Oka Yasuyoshi, Hamada Motoharu, Nakazawa Yuka, Muramatsu Hideki, Okuno Yusuke, Higasa Koichiro, Shimada Mayuko, Takeshima Honoka, Hanada Katsuhiro, Hirano Taichi, Kawakita Toshiro, Sakaguchi Hirotoshi, Ichimura Takuya, Ozono Shuichi, Yuge Kotaro, Watanabe Yoriko, Kotani Yuko, Yamane Mutsumi, Kasugai Yumiko, Tanaka Miyako, Suganami Takayoshi, Nakada Shinichiro, Mitsutake Norisato, Hara Yuichiro, Kato Kohji, Mizuno Seiji, Miyake Noriko, Kawai Yosuke, Tokunaga Katsushi, Nagasaki Masao, Kito Seiji, Isoyama Keiichi, Onodera Masafumi, Kaneko Hideo, Matsumoto Naomichi, Matsuda Fumihiko, Matsuo Keitaro, Takahashi Yoshiyuki, Mashimo Tomoji, Kojima Seiji, Ogi Tomoo
Department of Genetics, Research Institute of Environmental Medicine (RIeM), Nagoya University, Nagoya, Japan.

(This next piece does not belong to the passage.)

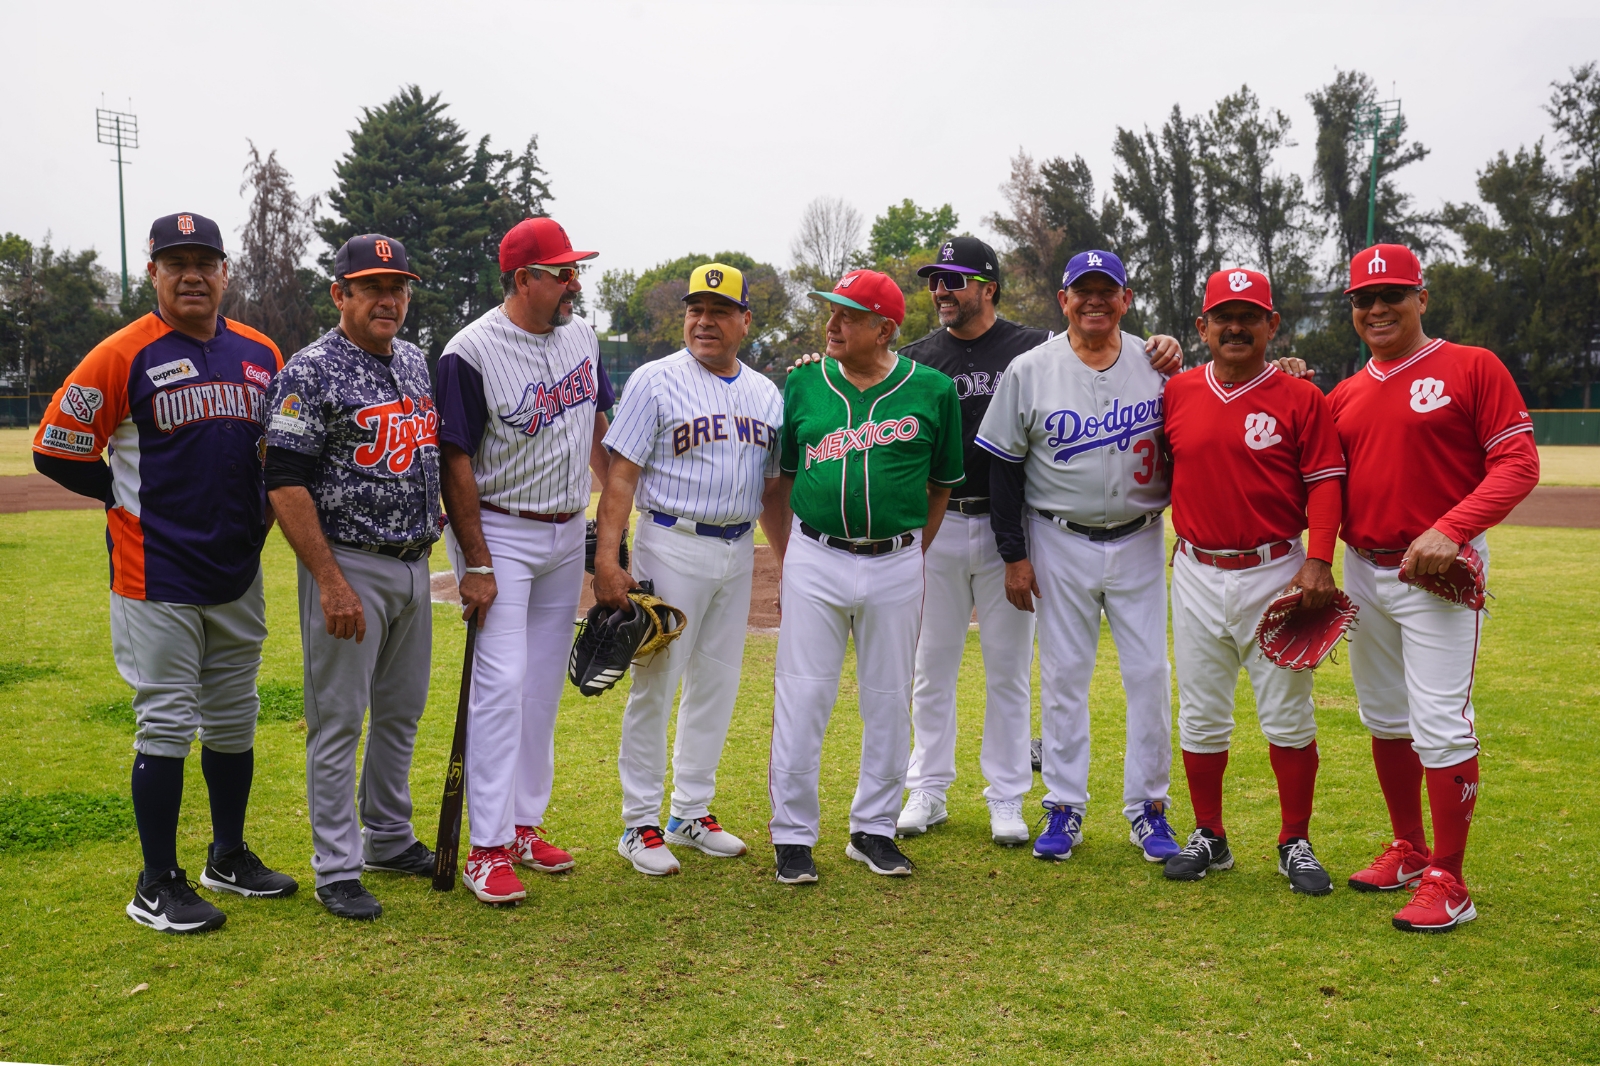 AMLO comparte juego de beisbol con Fernando 'Toro' Valenzuela y otras leyendas

Department of Human Genetics and Molecular Biology, Nagoya University Graduate School of Medicine, Nagoya, Japan.
Sci Adv. 2020 Dec 18;6(51). doi: 10.1126/sciadv.abd7197. Print 2020 Dec.

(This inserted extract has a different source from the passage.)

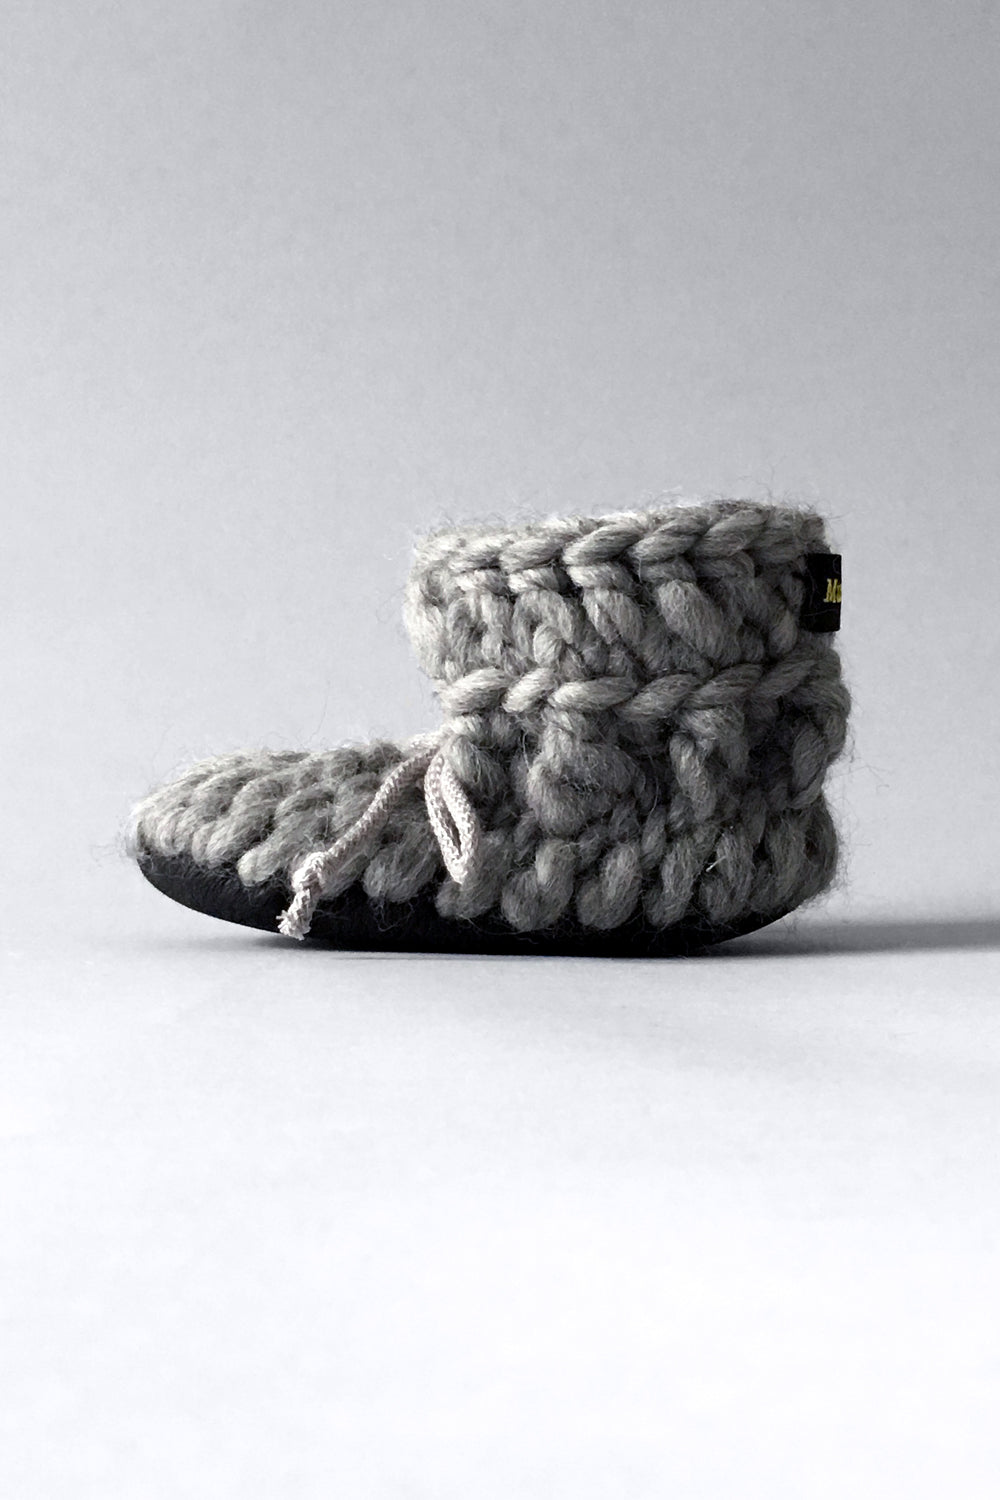 Gray Merino wool baby slippers handmade in Canada

Rs671 in the aldehyde dehydrogenase 2 gene () is the cause of Asian alcohol flushing response after drinking. ALDH2 detoxifies endogenous aldehydes, which are the major source of DNA damage repaired by the Fanconi anemia pathway. Here, we show that the rs671 defective allele in combination with mutations in the alcohol dehydrogenase 5 gene, which encodes formaldehyde dehydrogenase ( ), causes a previously unidentified disorder, AMeD (aplastic anemia, mental retardation, and dwarfism) syndrome. Cellular studies revealed that a decrease in the formaldehyde tolerance underlies a loss of differentiation and proliferation capacity of hematopoietic stem cells. Moreover, double-deficient mice recapitulated key clinical features of AMeDS, showing short life span, dwarfism, and hematopoietic failure. Collectively, our results suggest that the combined deficiency of formaldehyde clearance mechanisms leads to the complex clinical features due to overload of formaldehyde-induced DNA damage, thereby saturation of DNA repair processes.
醛脱氢酶2基因()中的Rs671是亚洲人饮酒后出现酒精性脸红反应的原因。ALDH2可使内源性醛解毒,内源性醛是通过范可尼贫血途径修复的DNA损伤的主要来源。在此,我们表明,rs671缺陷等位基因与编码甲醛脱氢酶()的乙醇脱氢酶5基因突变相结合,会导致一种先前未被识别的疾病,即AmeD(再生障碍性贫血、智力发育迟缓及侏儒症)综合征。细胞研究表明,甲醛耐受性降低是造血干细胞分化和增殖能力丧失的基础。此外,双缺陷小鼠重现了AmeDS的关键临床特征,表现出寿命缩短、侏儒症和造血功能衰竭。总体而言,我们的结果表明,甲醛清除机制的联合缺陷会因甲醛诱导的DNA损伤过载而导致复杂的临床特征,从而使DNA修复过程饱和。